Once the pictures are removed, restate the data below word for word.

───── GIVEN DATA

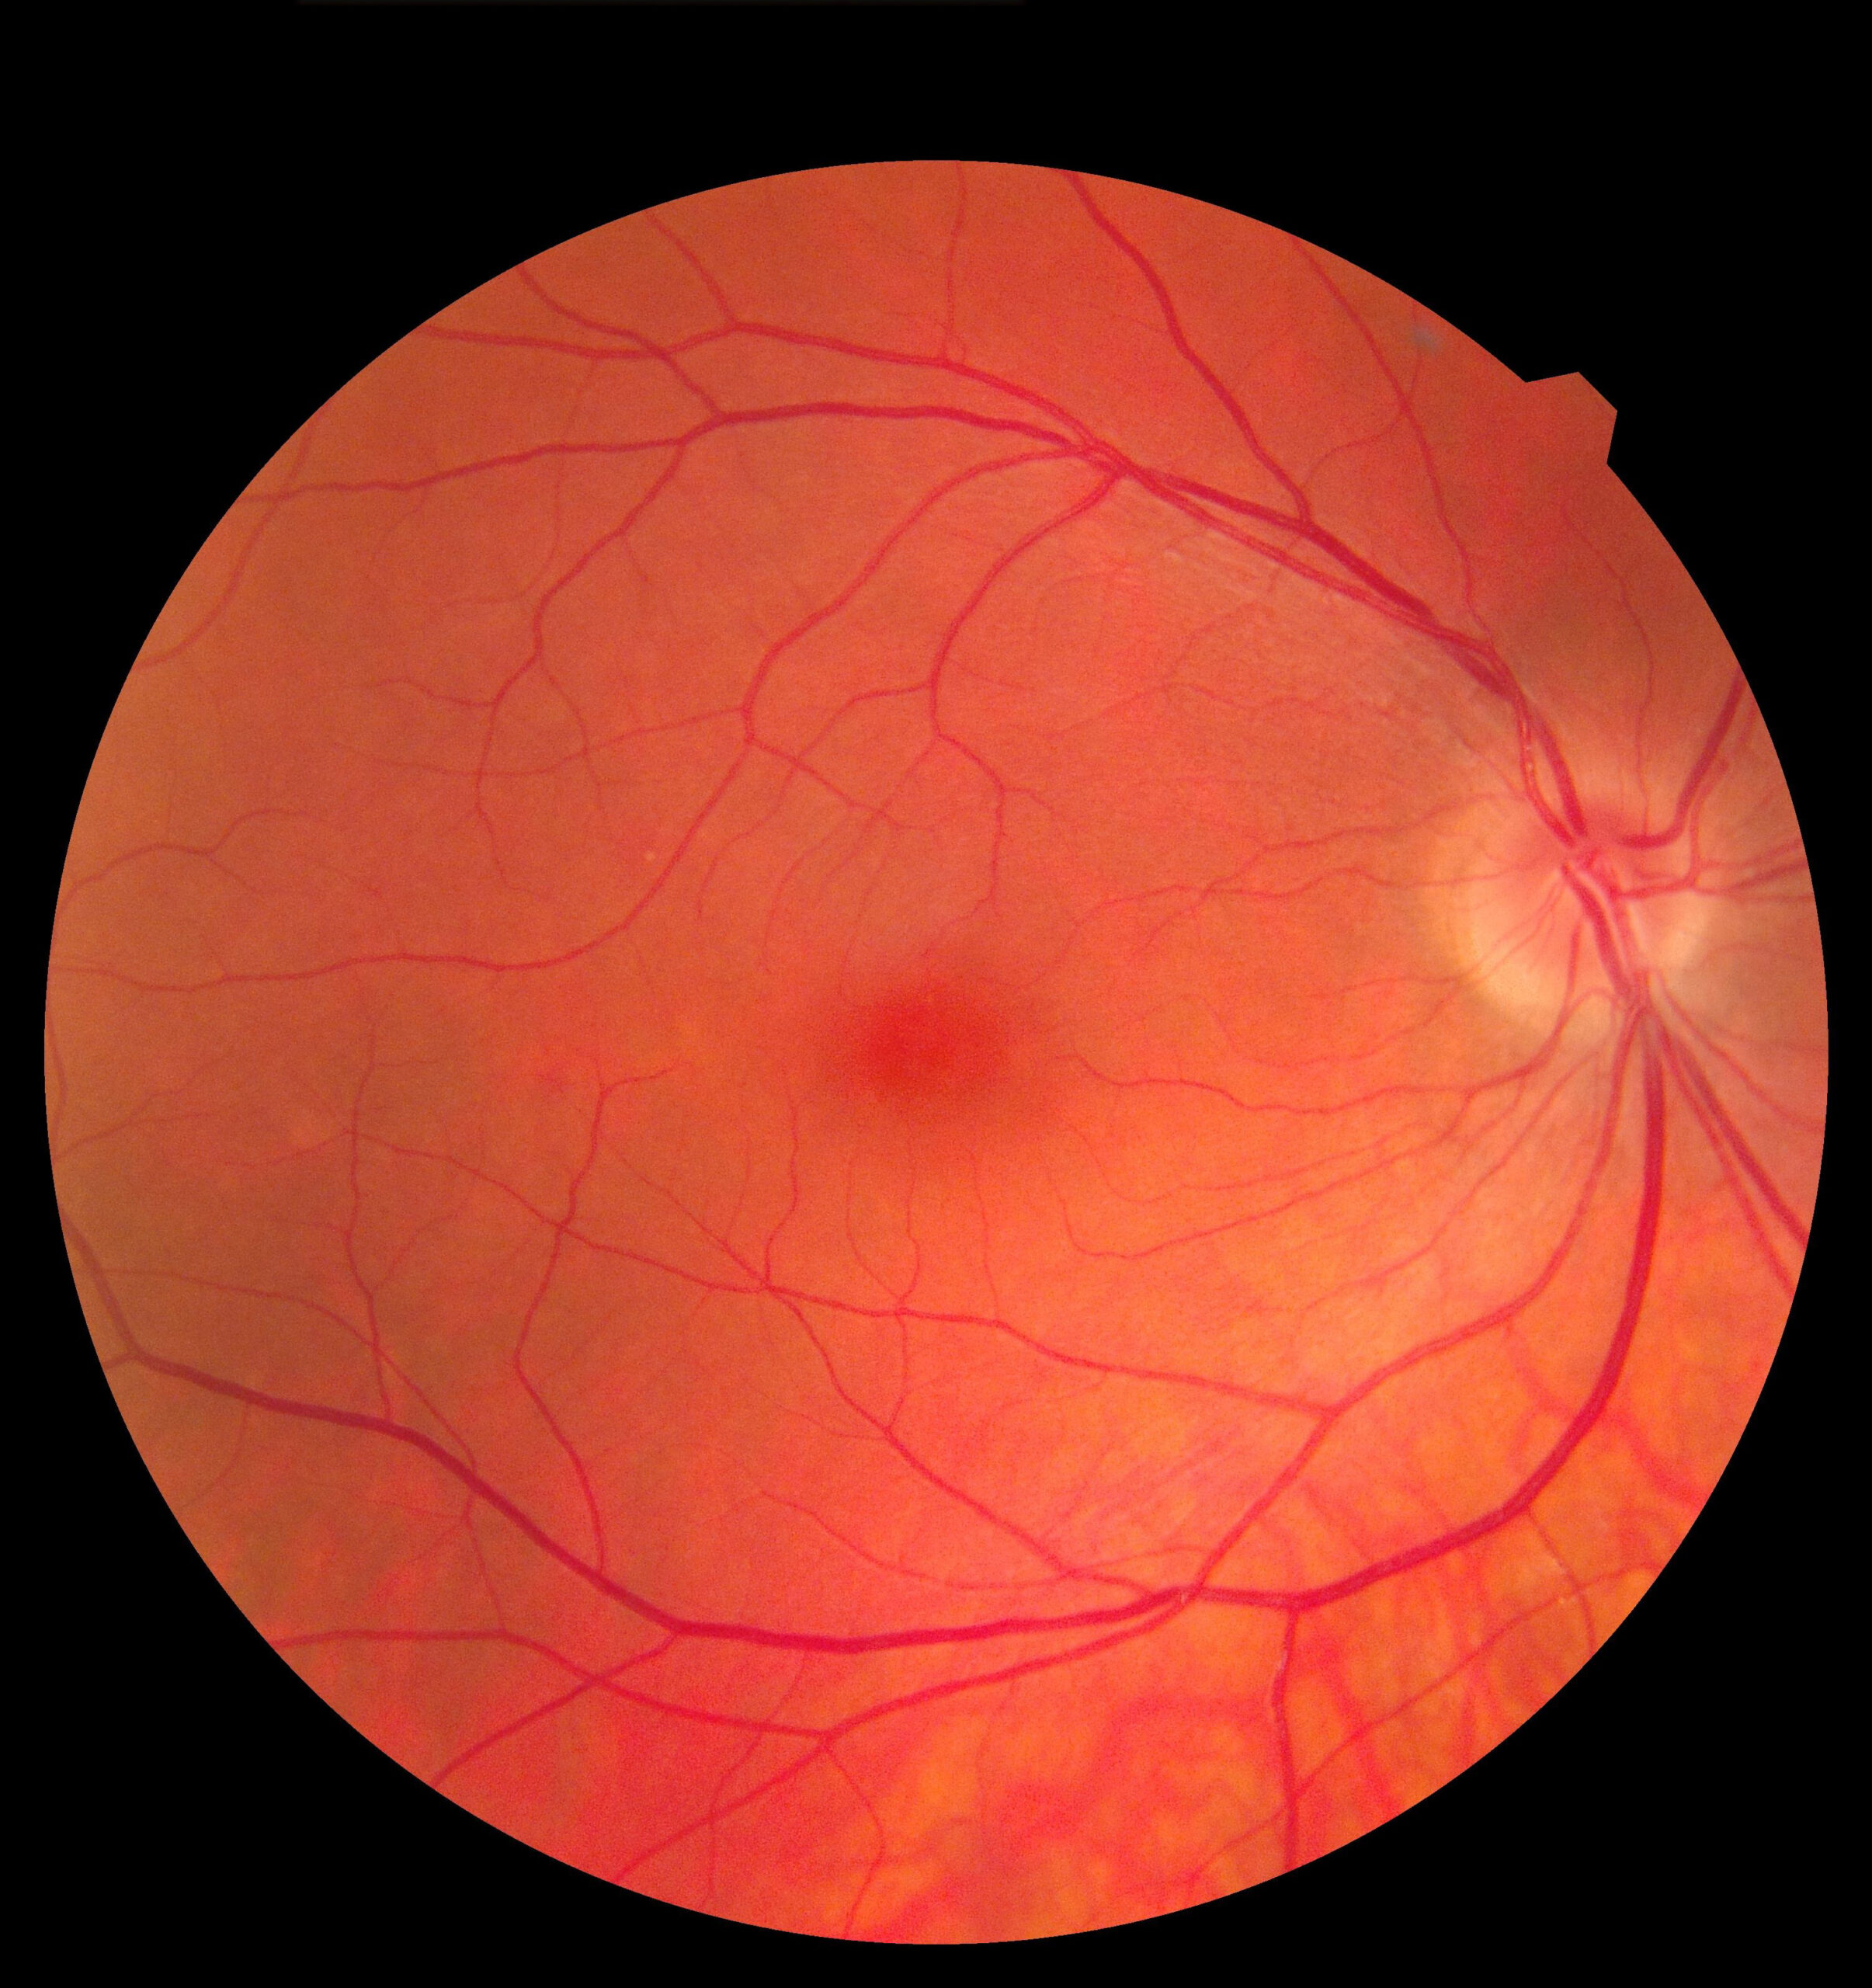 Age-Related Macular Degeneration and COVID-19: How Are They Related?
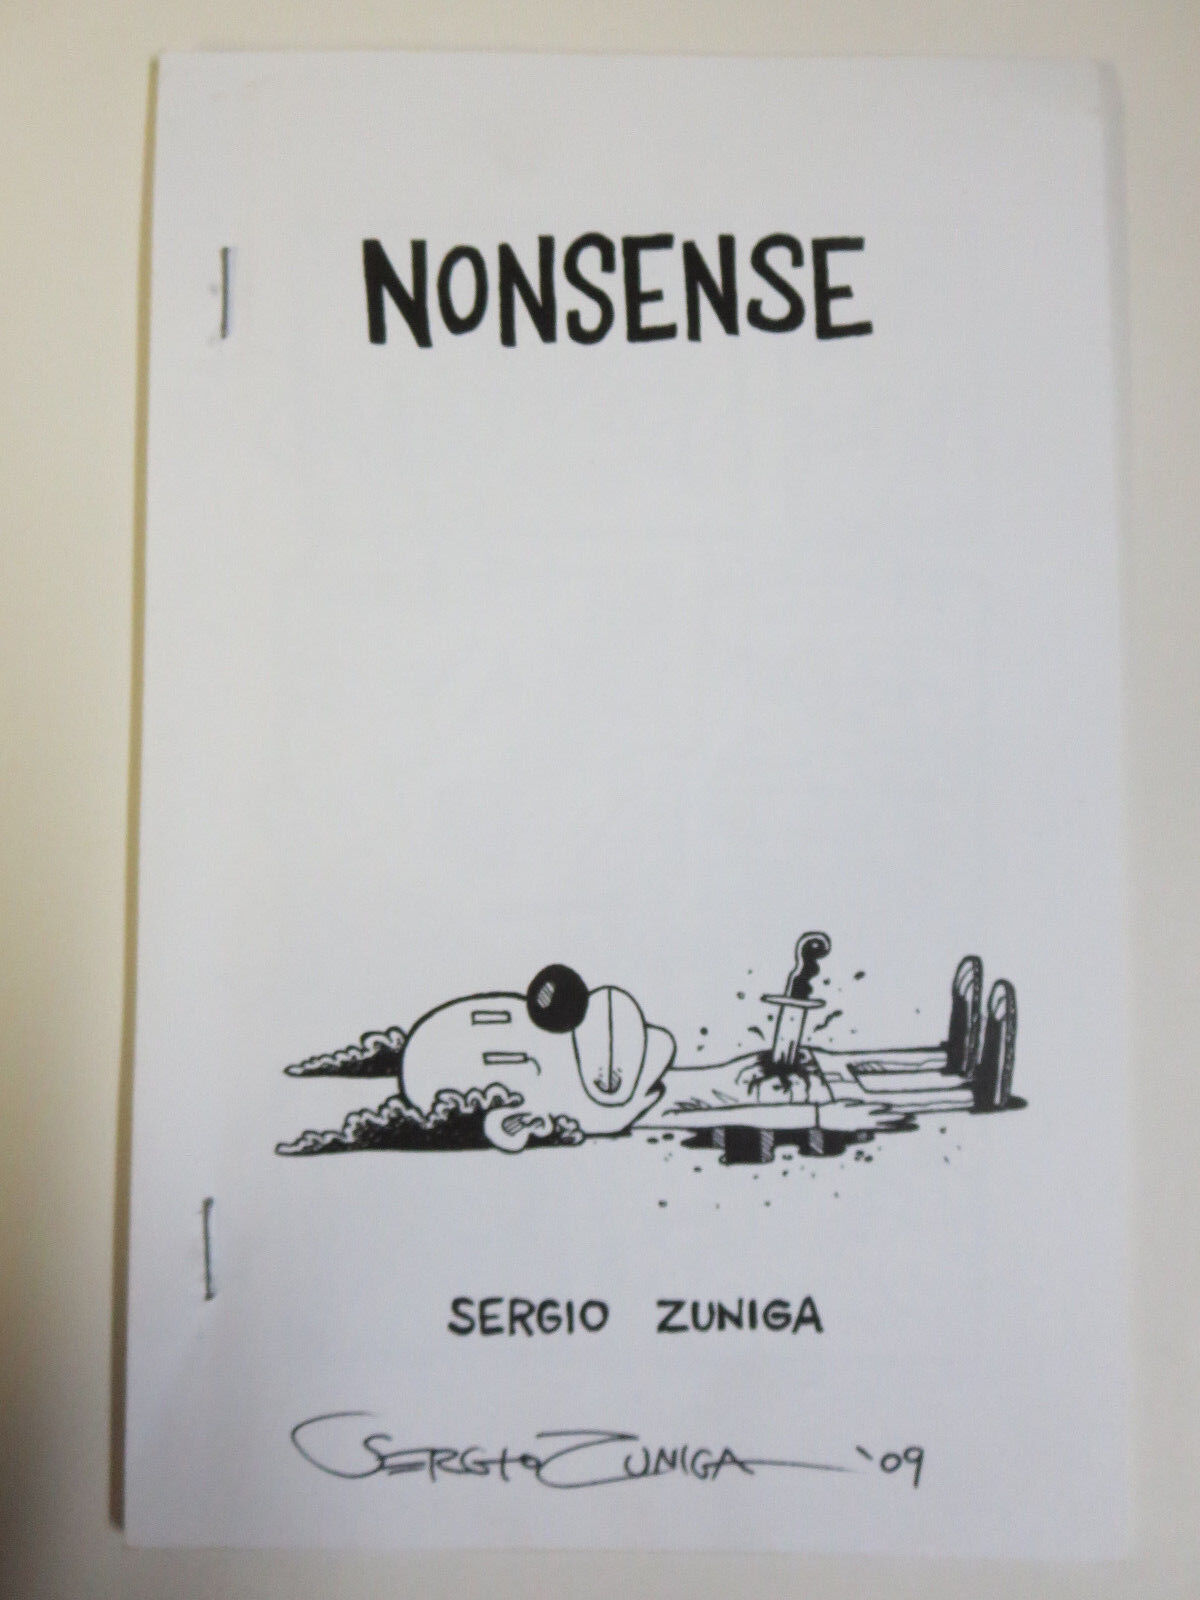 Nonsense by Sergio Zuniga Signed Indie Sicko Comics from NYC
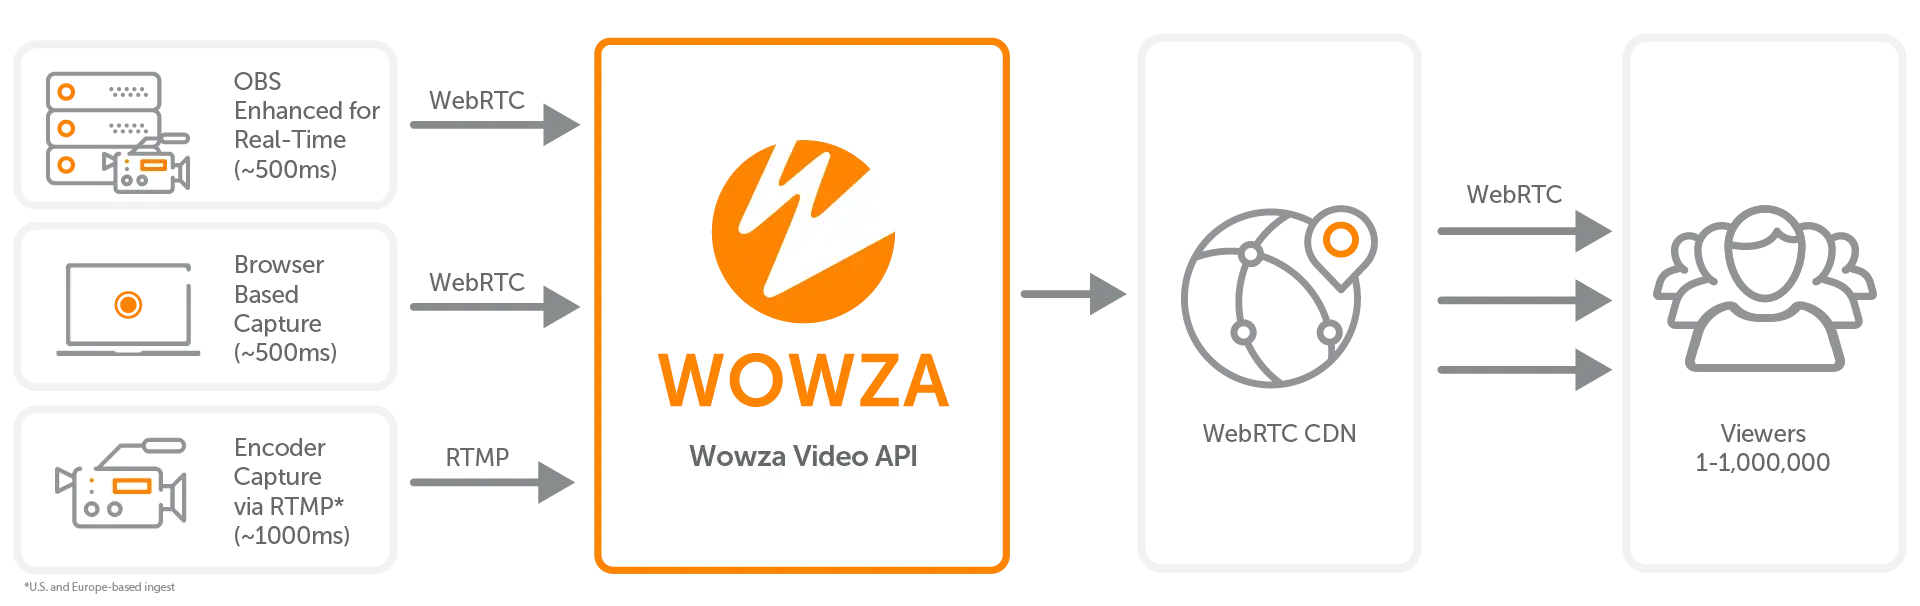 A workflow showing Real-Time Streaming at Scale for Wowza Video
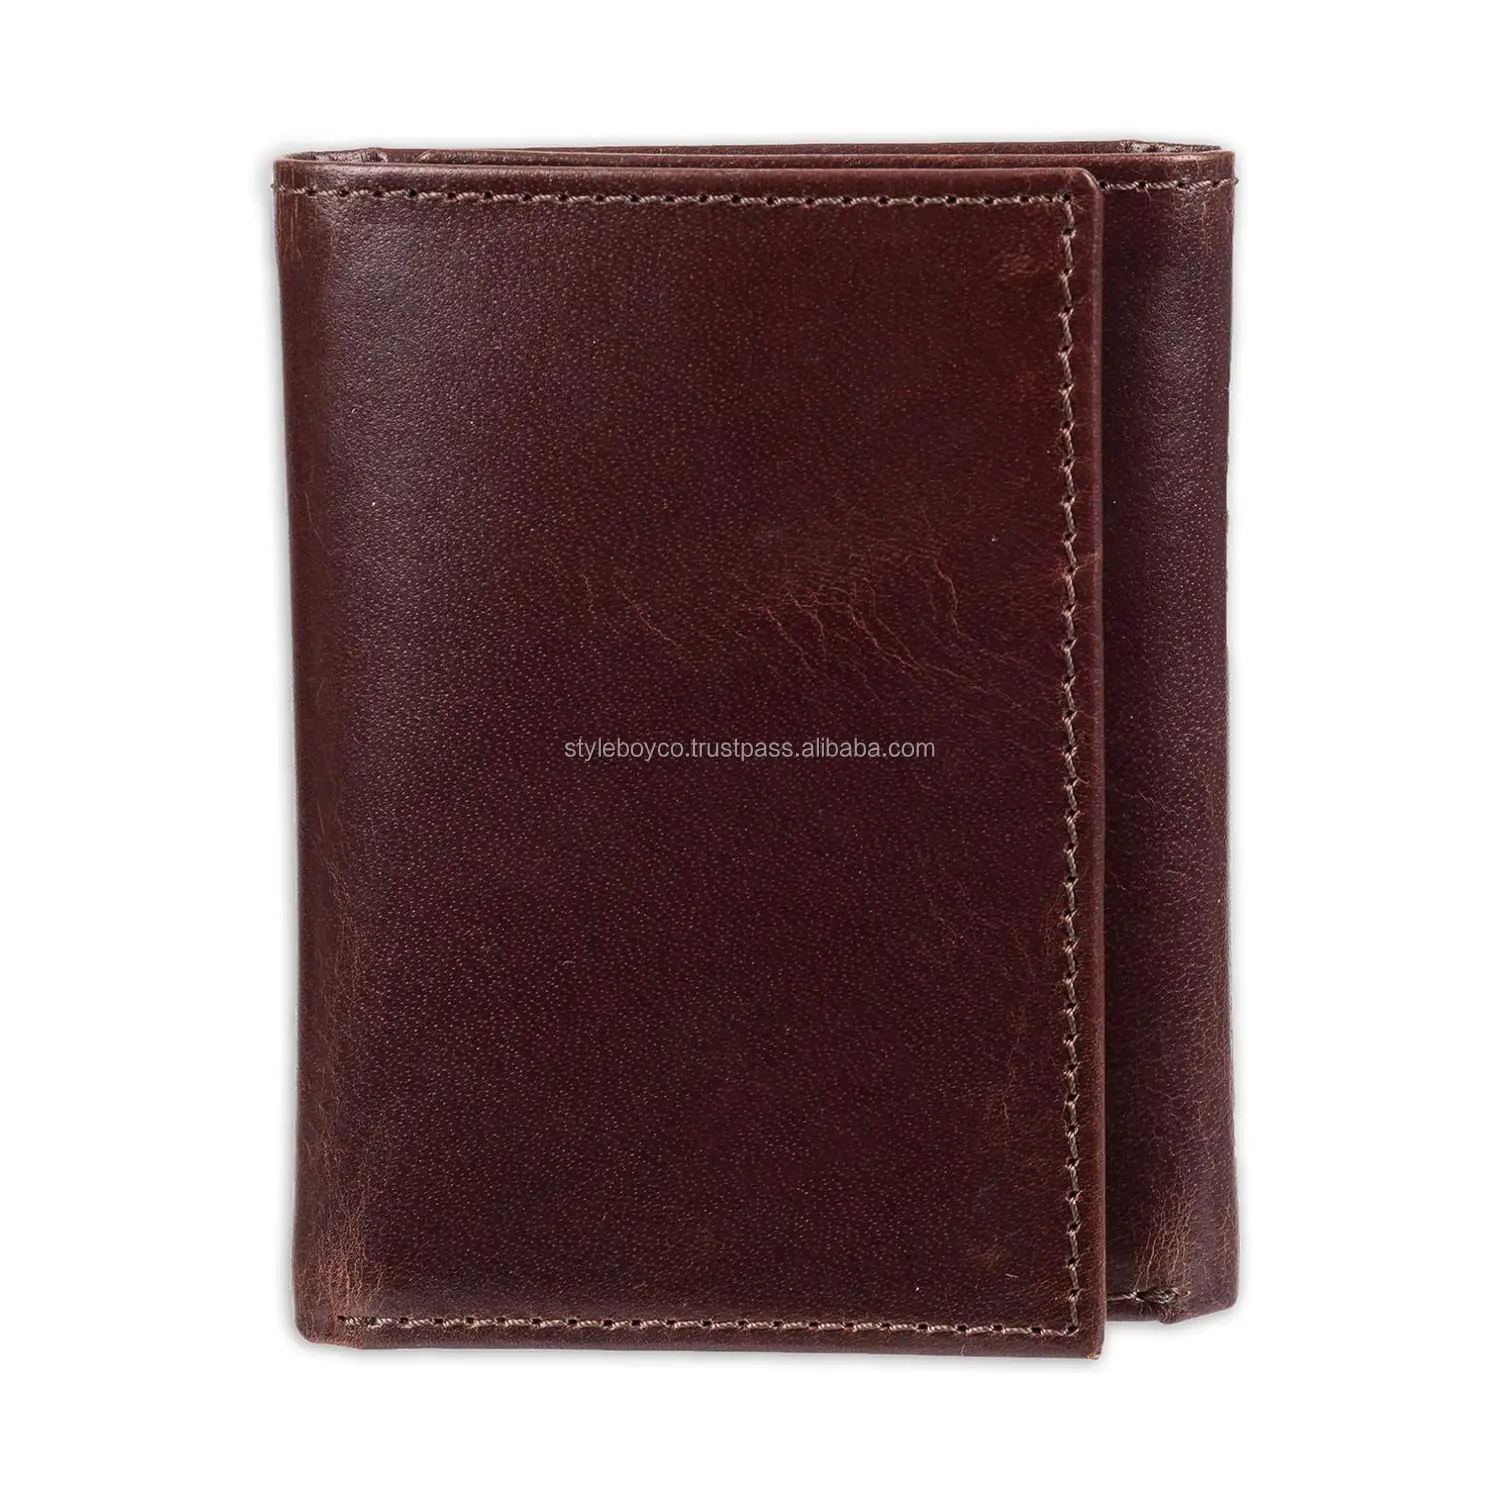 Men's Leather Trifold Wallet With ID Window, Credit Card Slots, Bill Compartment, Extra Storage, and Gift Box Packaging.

──────────

### EXERCISE OUTPUT
 Age-Related Macular Degeneration and COVID-19: How Are They Related?
 Nonsense by Sergio Zuniga Signed Indie Sicko Comics from NYC
 A workflow showing Real-Time Streaming at Scale for Wowza Video
 Men's Leather Trifold Wallet With ID Window, Credit Card Slots, Bill Compartment, Extra Storage, and Gift Box Packaging.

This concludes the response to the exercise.